- **TASK ITEM**
Your job is to return the whole listing unchanged while skipping its images.

- **INFORMATION SUPPLIED**
----

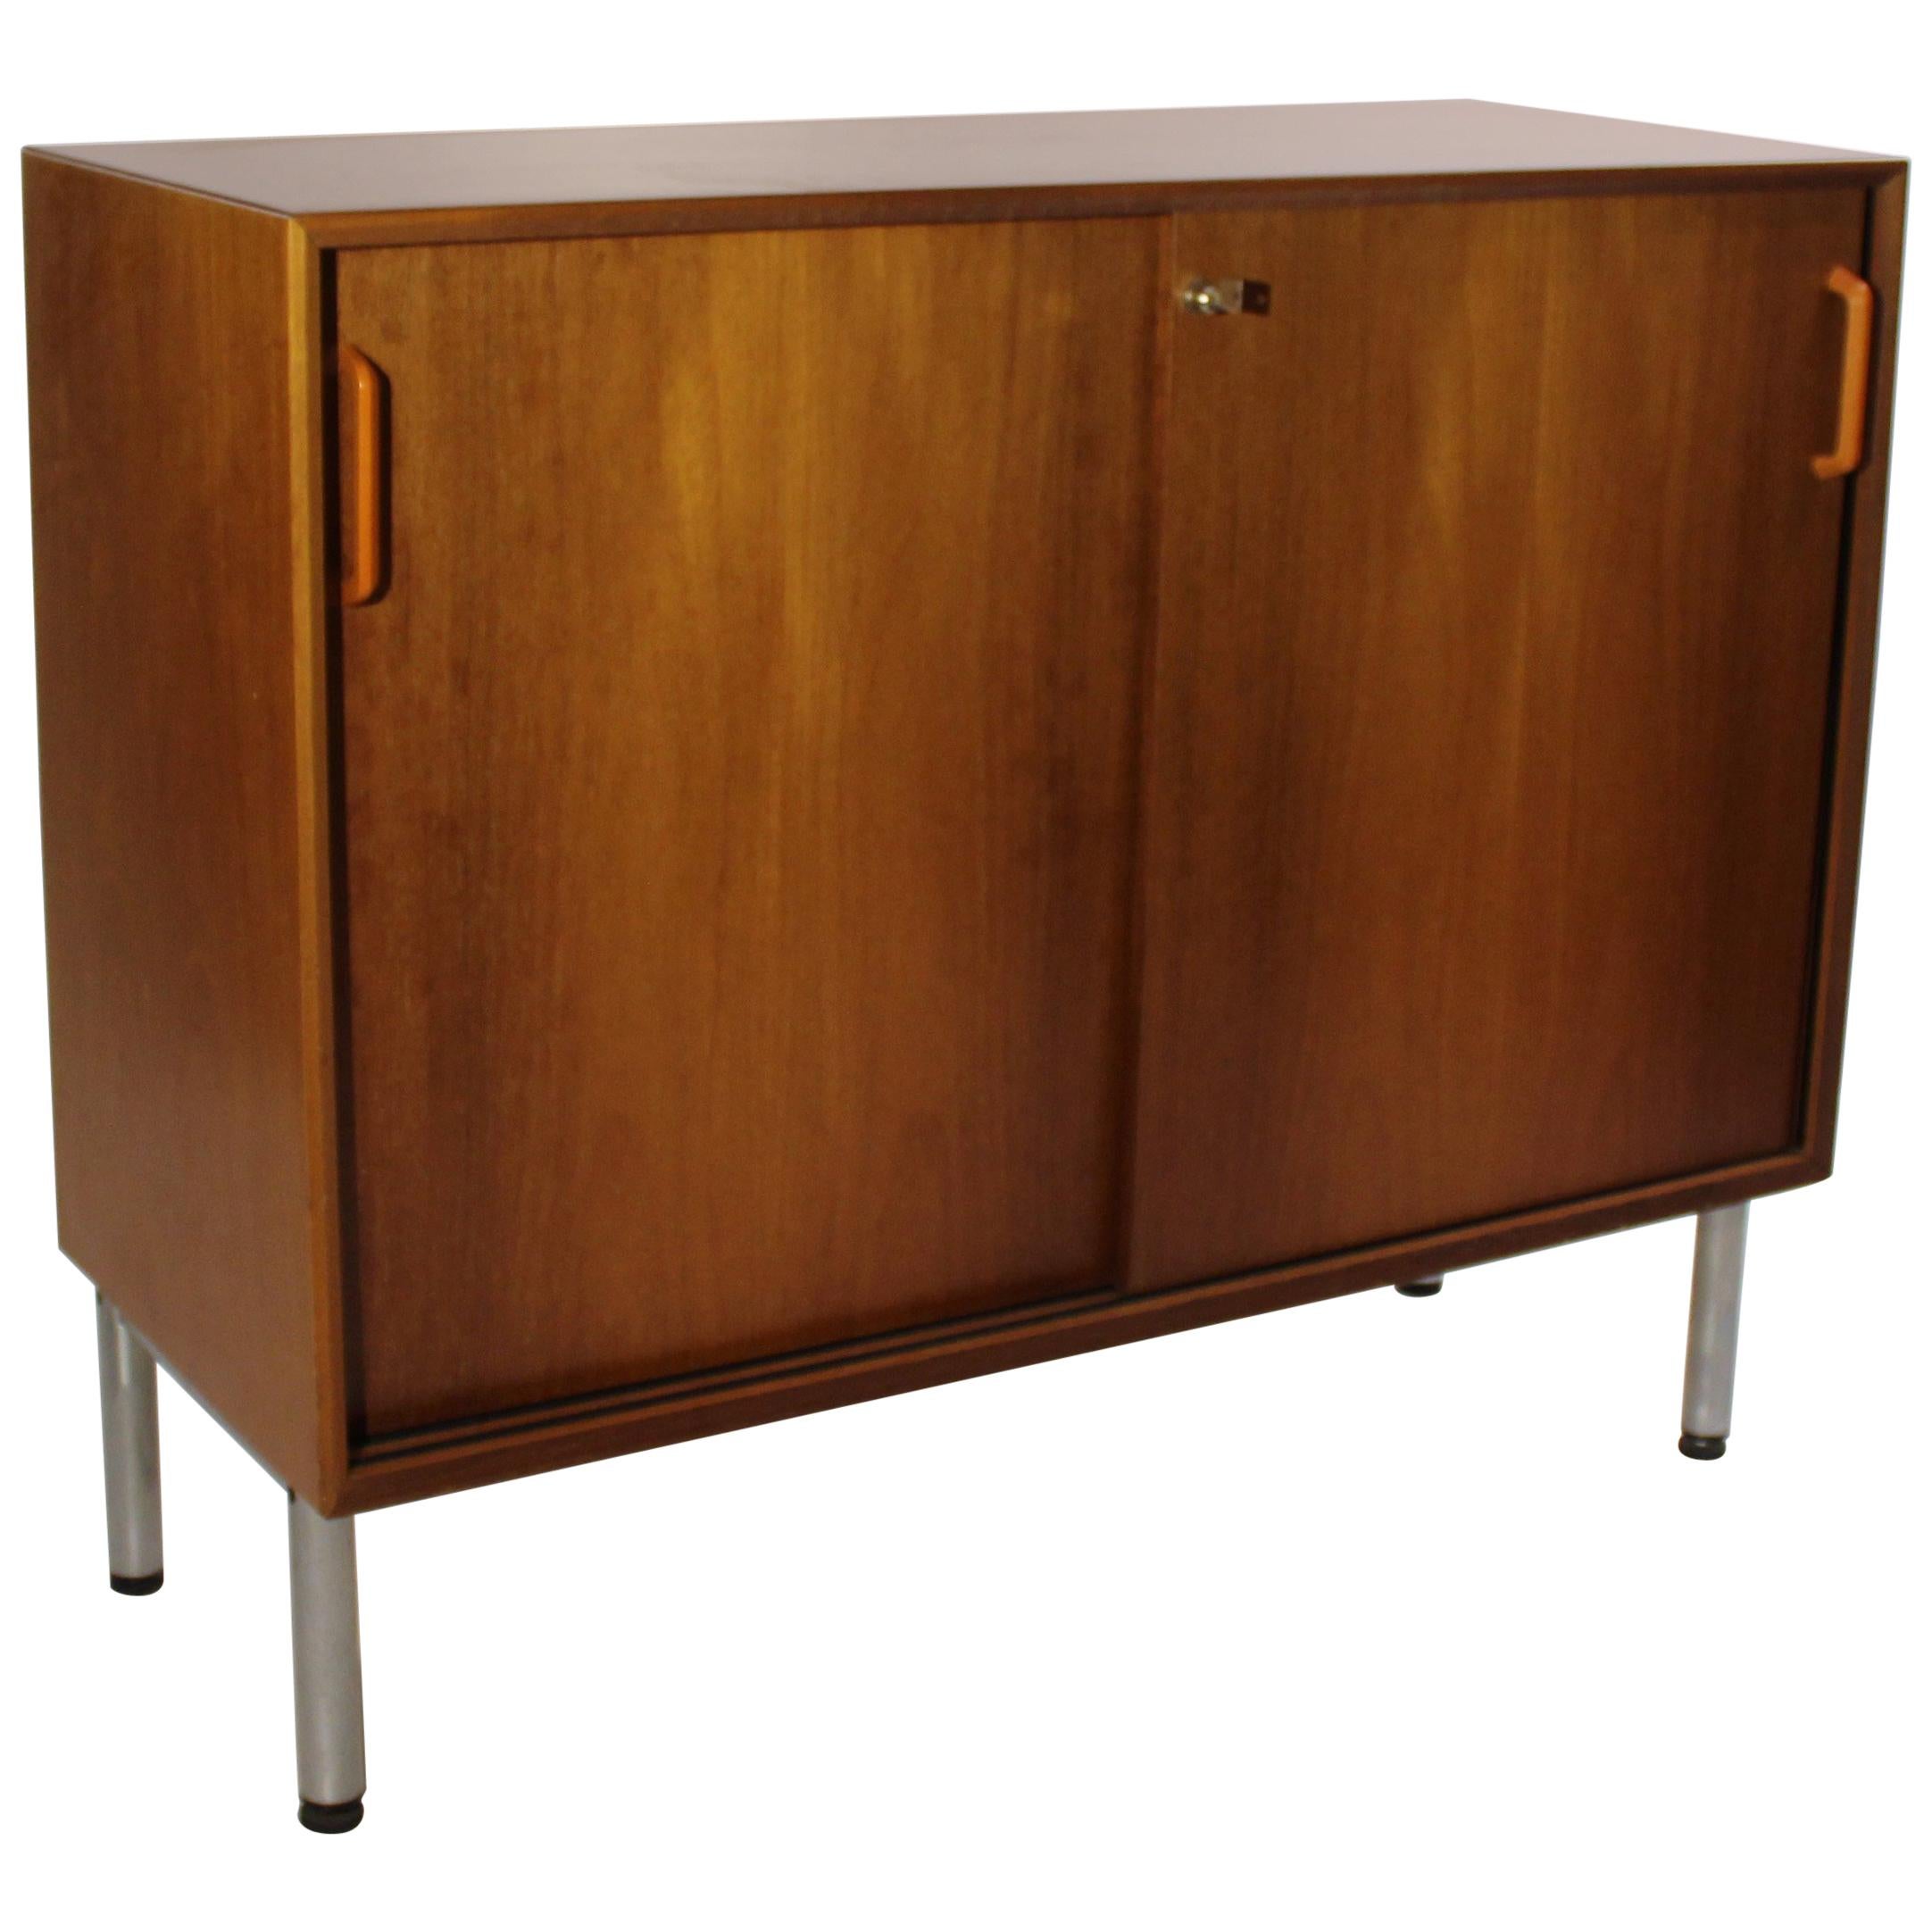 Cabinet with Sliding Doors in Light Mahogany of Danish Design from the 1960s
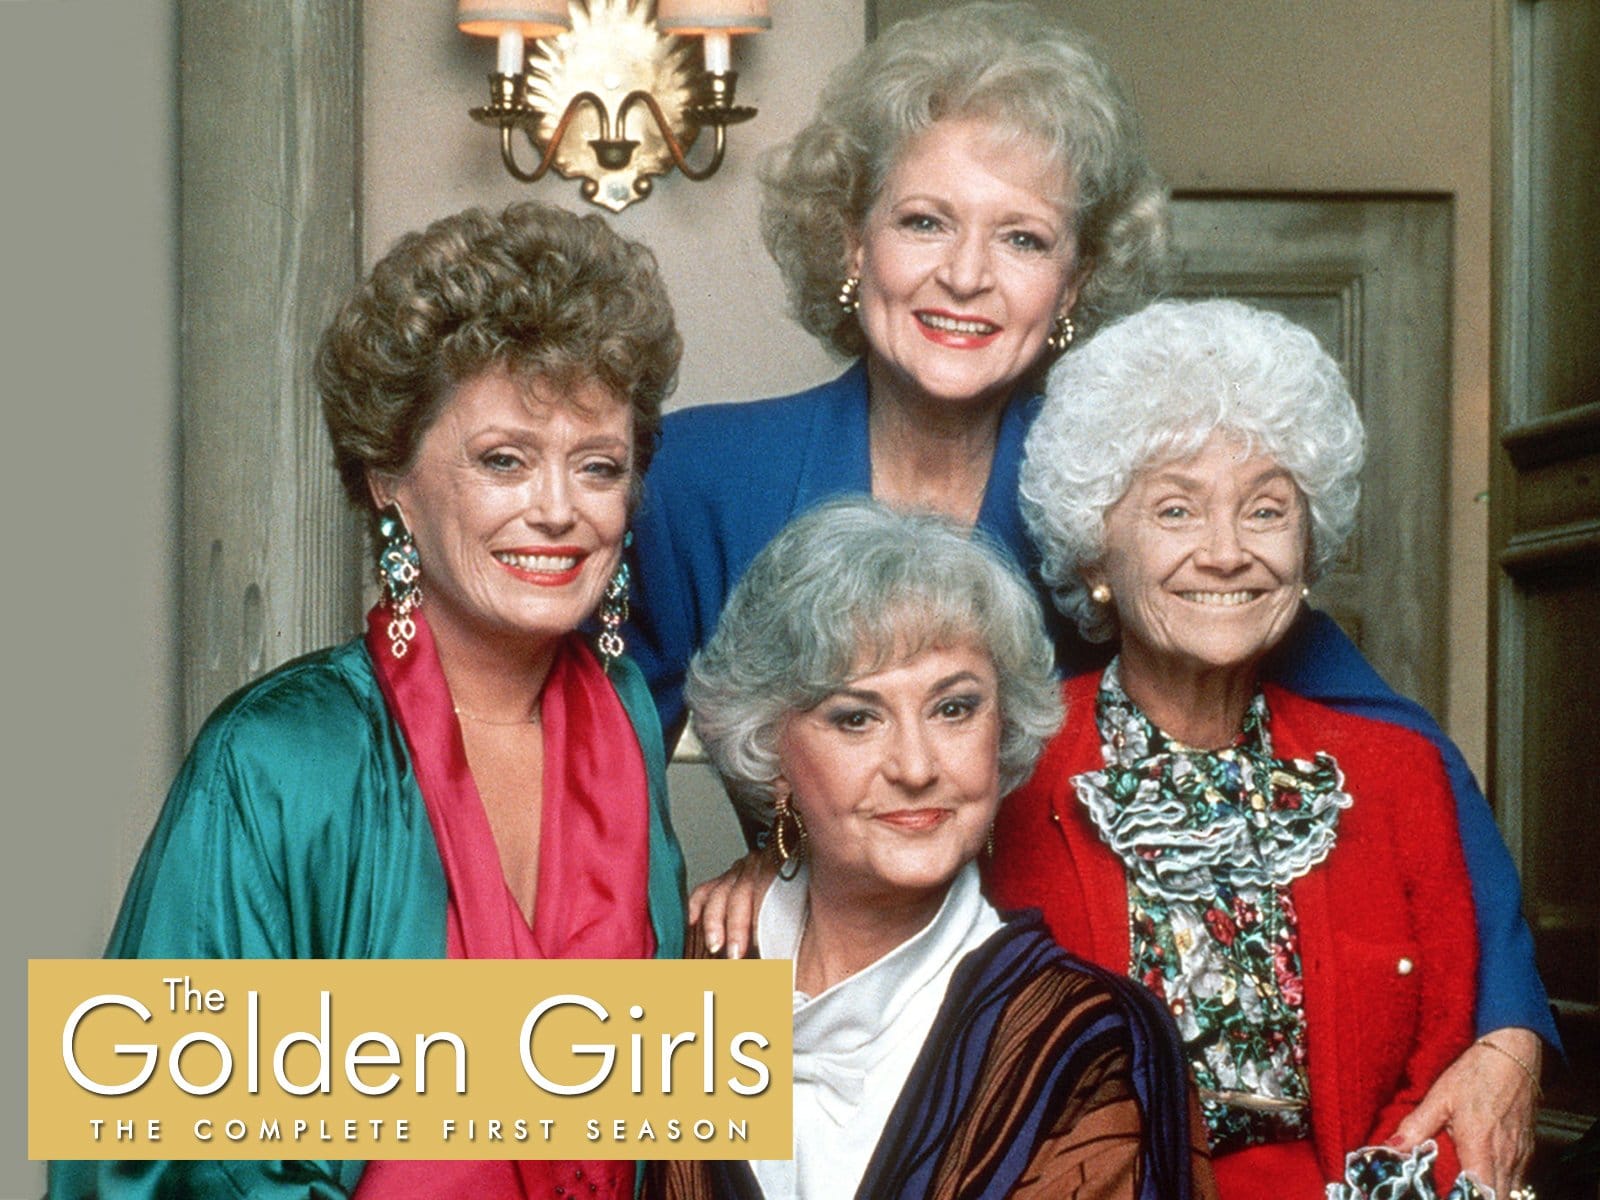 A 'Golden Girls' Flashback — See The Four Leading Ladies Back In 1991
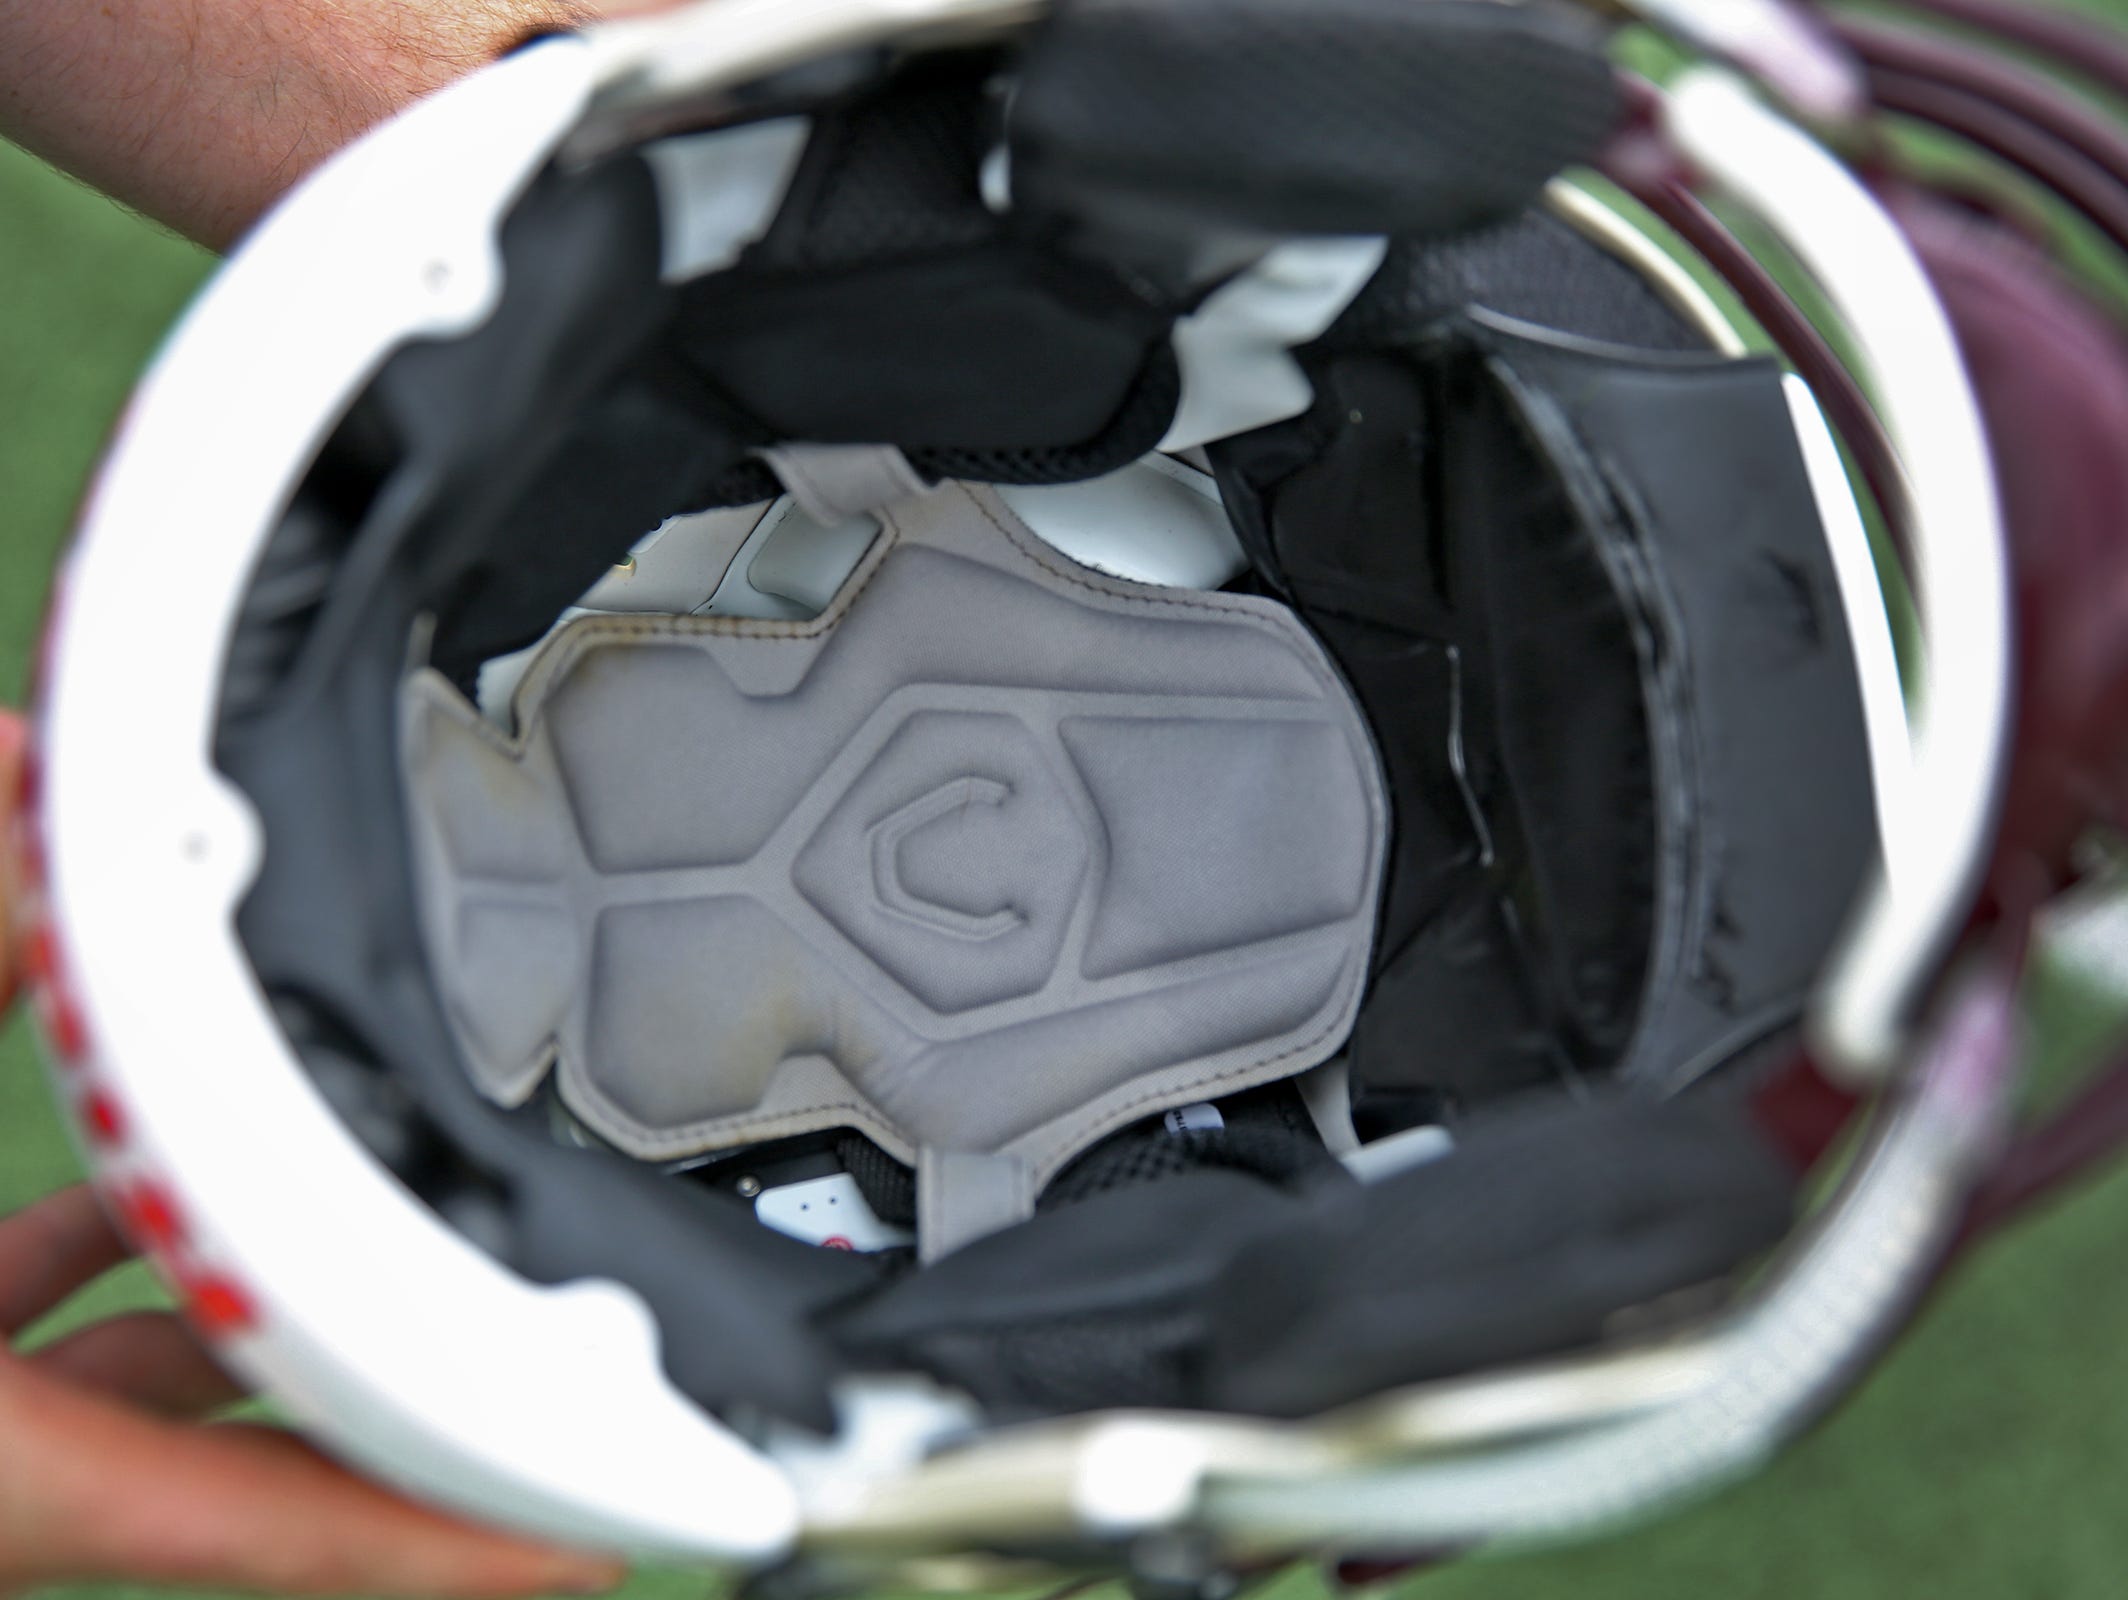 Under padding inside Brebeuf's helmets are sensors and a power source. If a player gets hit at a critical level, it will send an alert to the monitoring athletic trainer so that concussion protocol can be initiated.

----

- **ANSWER BELOW**
 Cabinet with Sliding Doors in Light Mahogany of Danish Design from the 1960s
 A 'Golden Girls' Flashback — See The Four Leading Ladies Back In 1991
 Under padding inside Brebeuf's helmets are sensors and a power source. If a player gets hit at a critical level, it will send an alert to the monitoring athletic trainer so that concussion protocol can be initiated.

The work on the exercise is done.